Solo otto comuni della nostra provincia hanno provveduto a emanare un regolamento per i limiti orari relativi all’utilizzo di slot-machine nei locali pubblici. È il grido d’allarme che Salvatore Perrone, questore di Biella, lancia in questi giorni sui giornali locali.

Mi unisco a lui nel sollecitare i sindaci ancora inadempienti a provvedere al più presto, e lo faccio perché non è questione da sottovalutare: si tratta di applicare una normativa approvata dal Consiglio regionale la scorsa primavera.

In Regione ci siamo particolarmente presi a cuore il problema legato al gioco d’azzardo e alle conseguenze della ludopatia, ormai riconosciuta come fenomeno patologico tanto da inserirne il contrasto nei Livelli essenziali di assistenza, ossia in quei percorsi terapeutici interamente a carico del Servizio sanitario nazionale.

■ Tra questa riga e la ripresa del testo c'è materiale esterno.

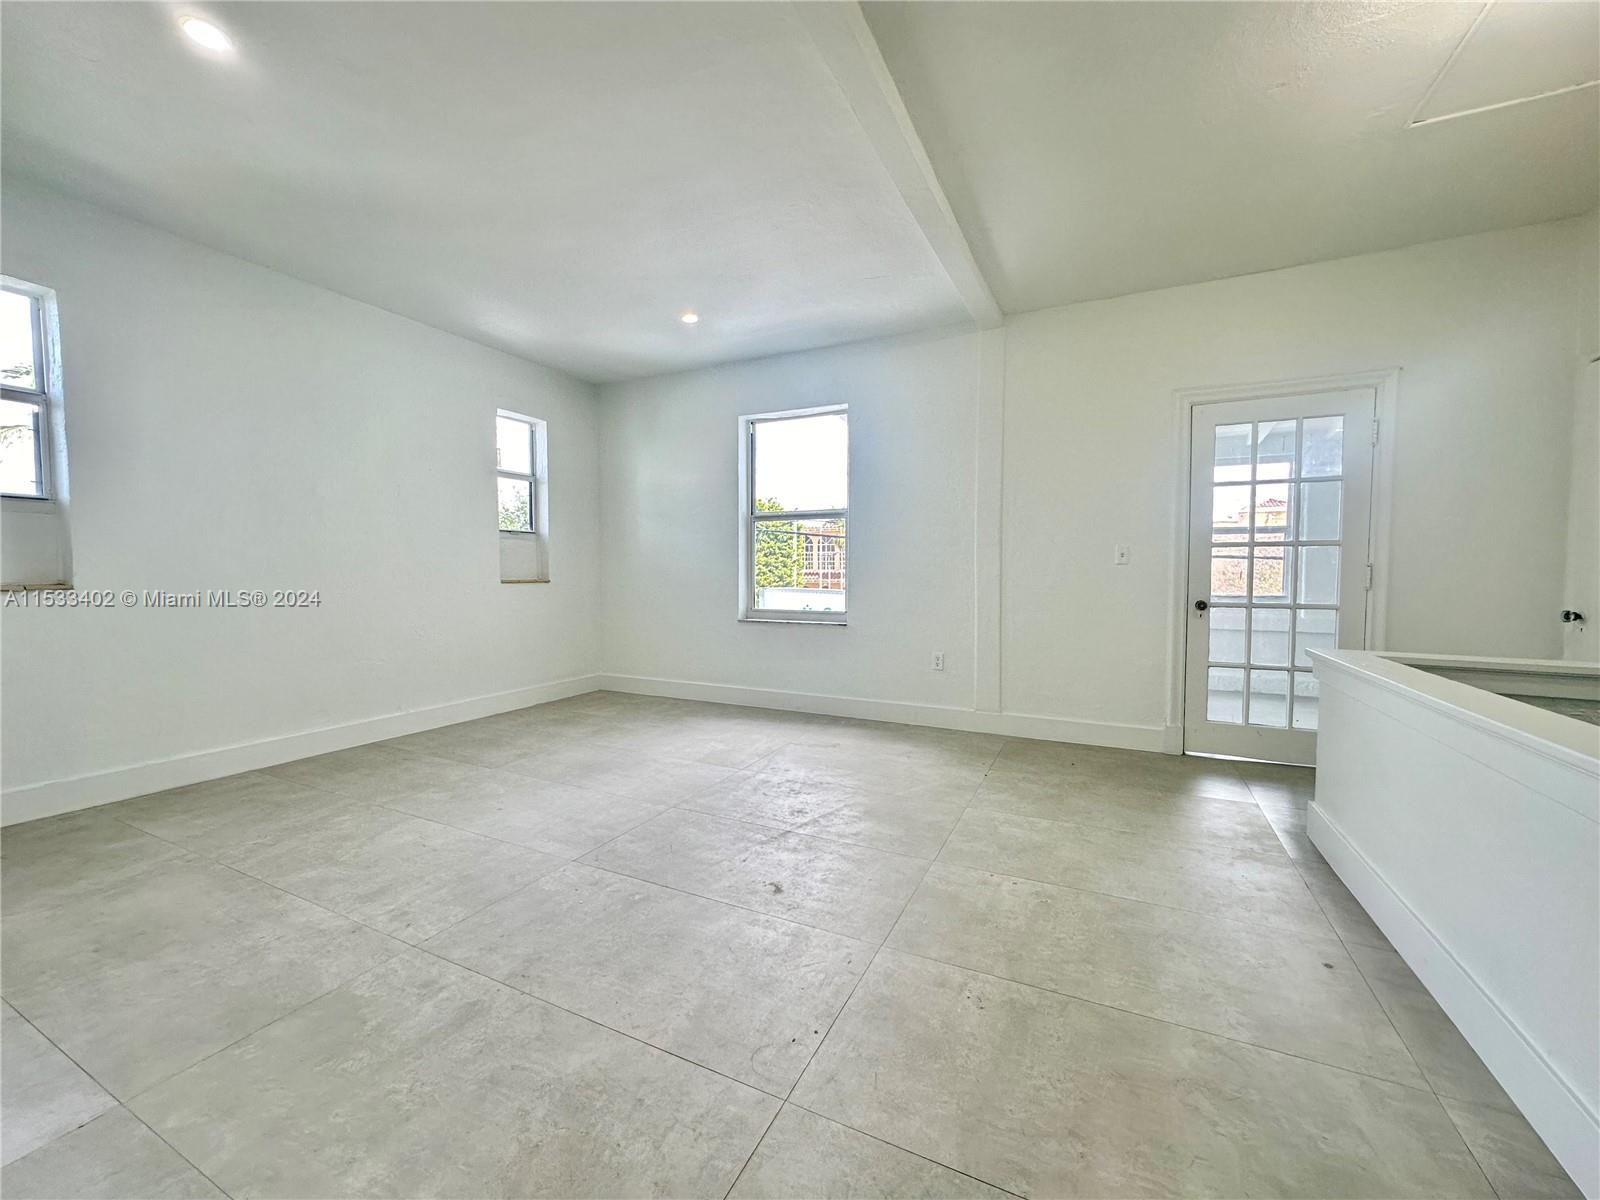 an empty room with windows

A questo punto, da parte dei sindaci, adeguarsi tempestivamente alla normativa regionale diventa un doveroso atto di responsabilità sociale nei confronti della popolazione.

La legge regionale, oltre alla restrizione oraria che ogni comune deve imporre tra le tre e le otto ore di divieto d’utilizzo, fissa norme per l’installazione delle slot, che non possono essere piazzate in locali troppo vicini ai luoghi definiti come sensibili: chiese, impianti sportivi, ospedali, banche e bancomat, stazioni ferroviarie, scuole (a questo proposito, secondo un’indagine di Nomisma in collaborazione con l’Università di Bologna, pubblicata in questi giorni, sono un milione e 240mila gli studenti italiani che tentano la fortuna con il gioco d’azzardo).

È uno sforzo che come comunità abbiamo il dovere di fare a tutela della salute dei cittadini, che non può – e non deve – essere trattato come un impiccio burocratico.